### What the task requires
Within the data that follows, tally every line containing "freno". Provide only the tally.

### Material shown

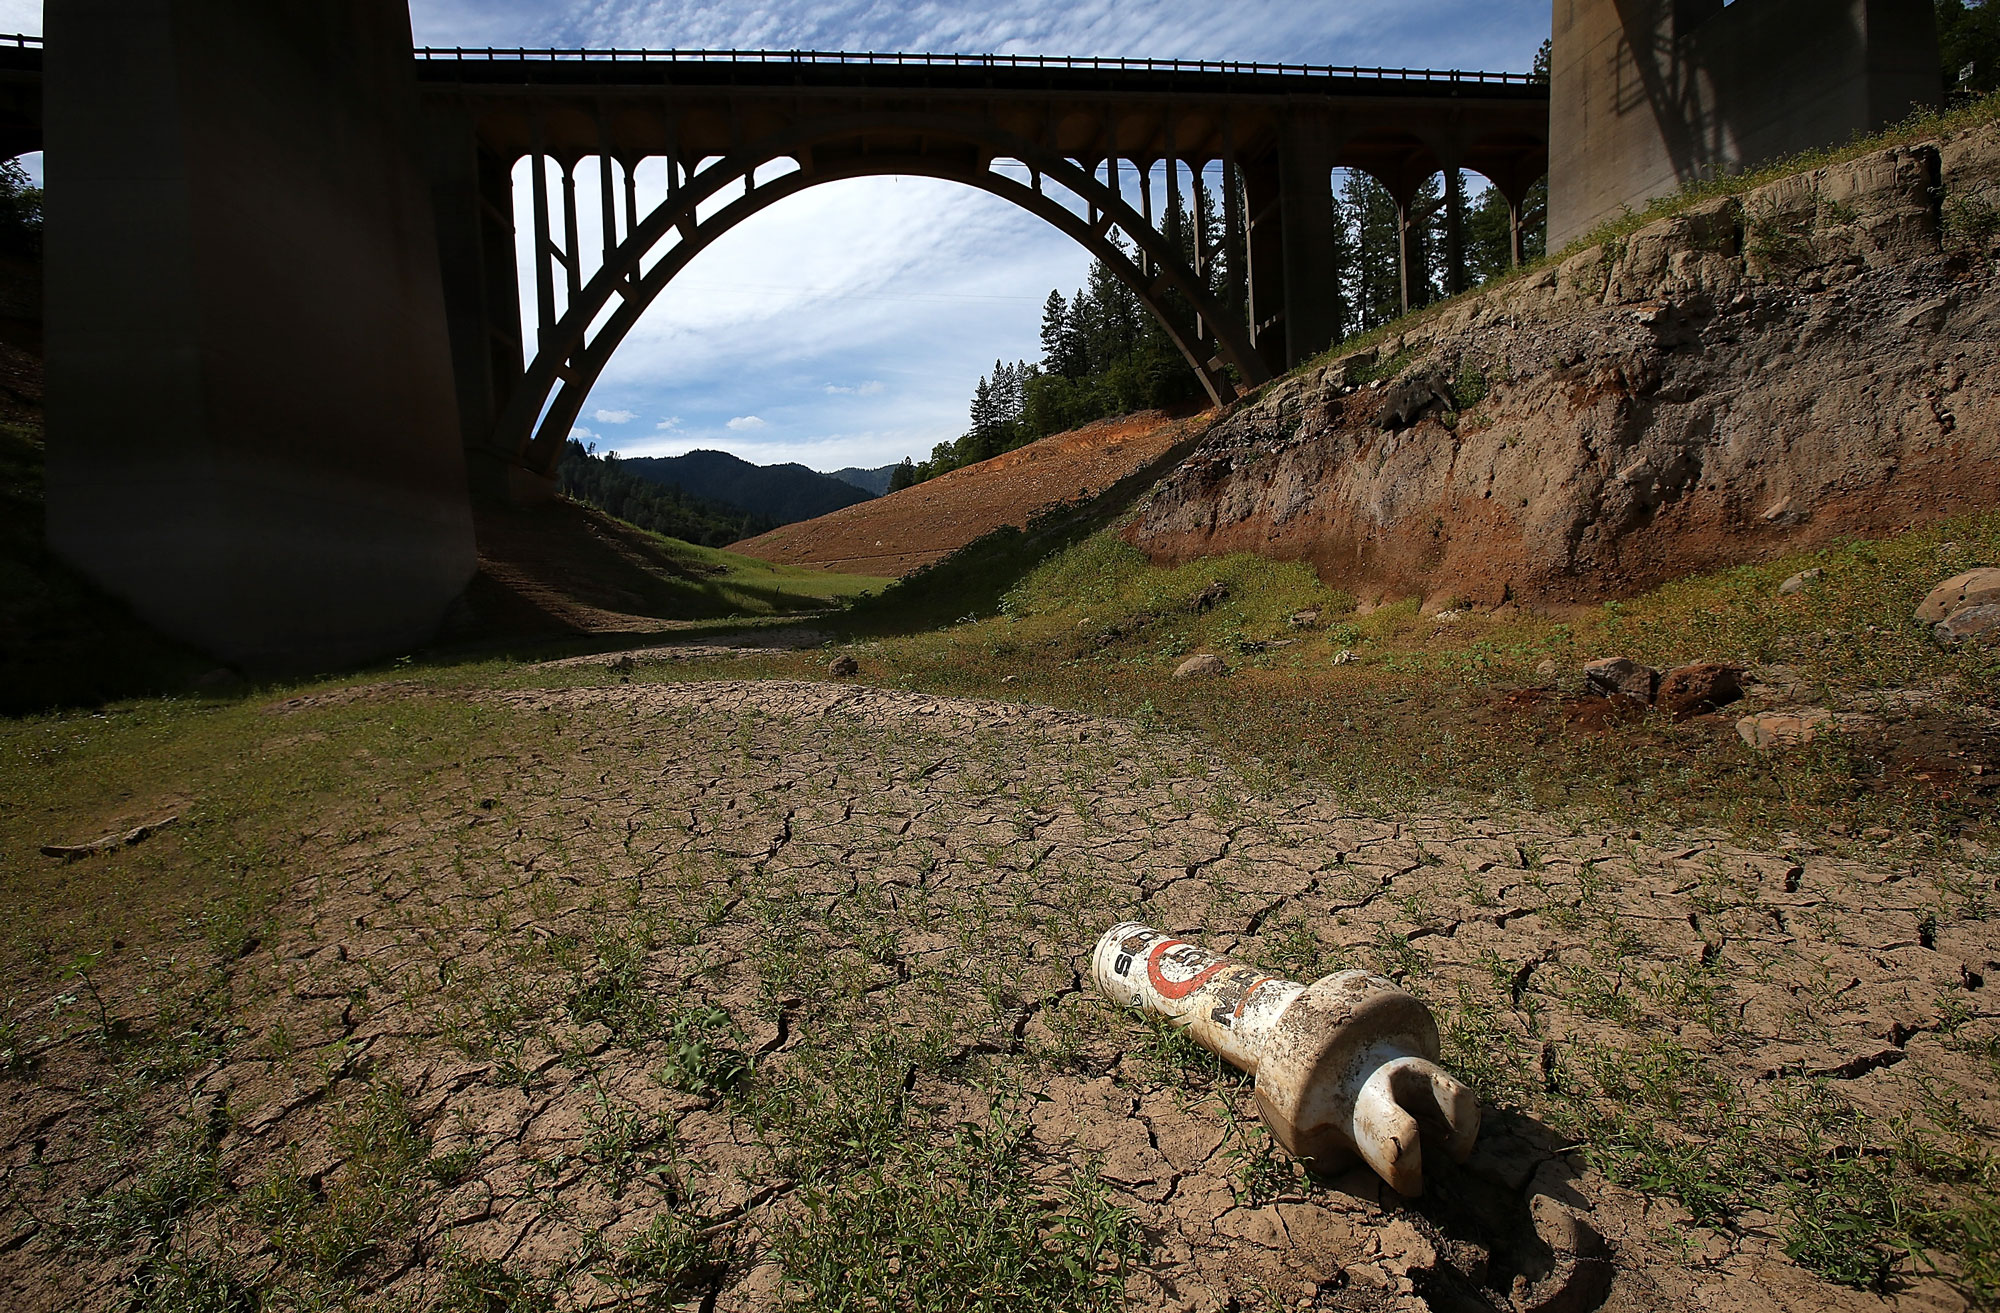 Cơn hạn hán khủng khiếp nhất trong lịch sử tại California. Mặt đất khô nứt nẻ của hồ Shasta vào ngày 30 tháng 8.
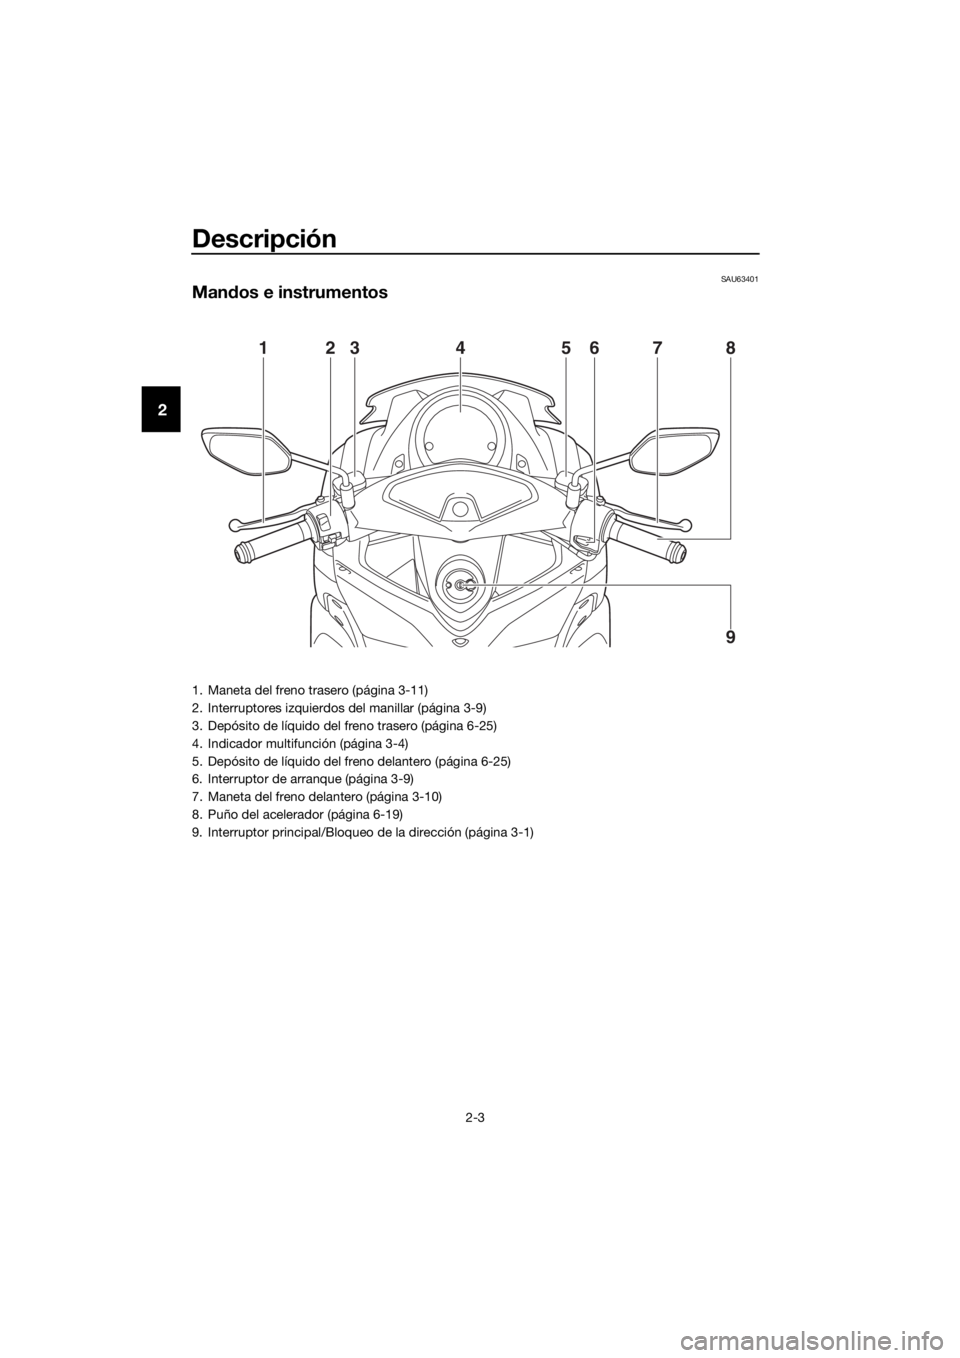 YAMAHA NMAX 150 2019  Instructieboekje (in Dutch) Descripción
2-3
2
SAU63401
Mandos e instrumentos
12376854
9
1. Maneta del freno trasero (página 3-11)
2. Interruptores izquierdos del manillar (página 3-9)
3. Depósito de líquido del freno traser

### Solution
2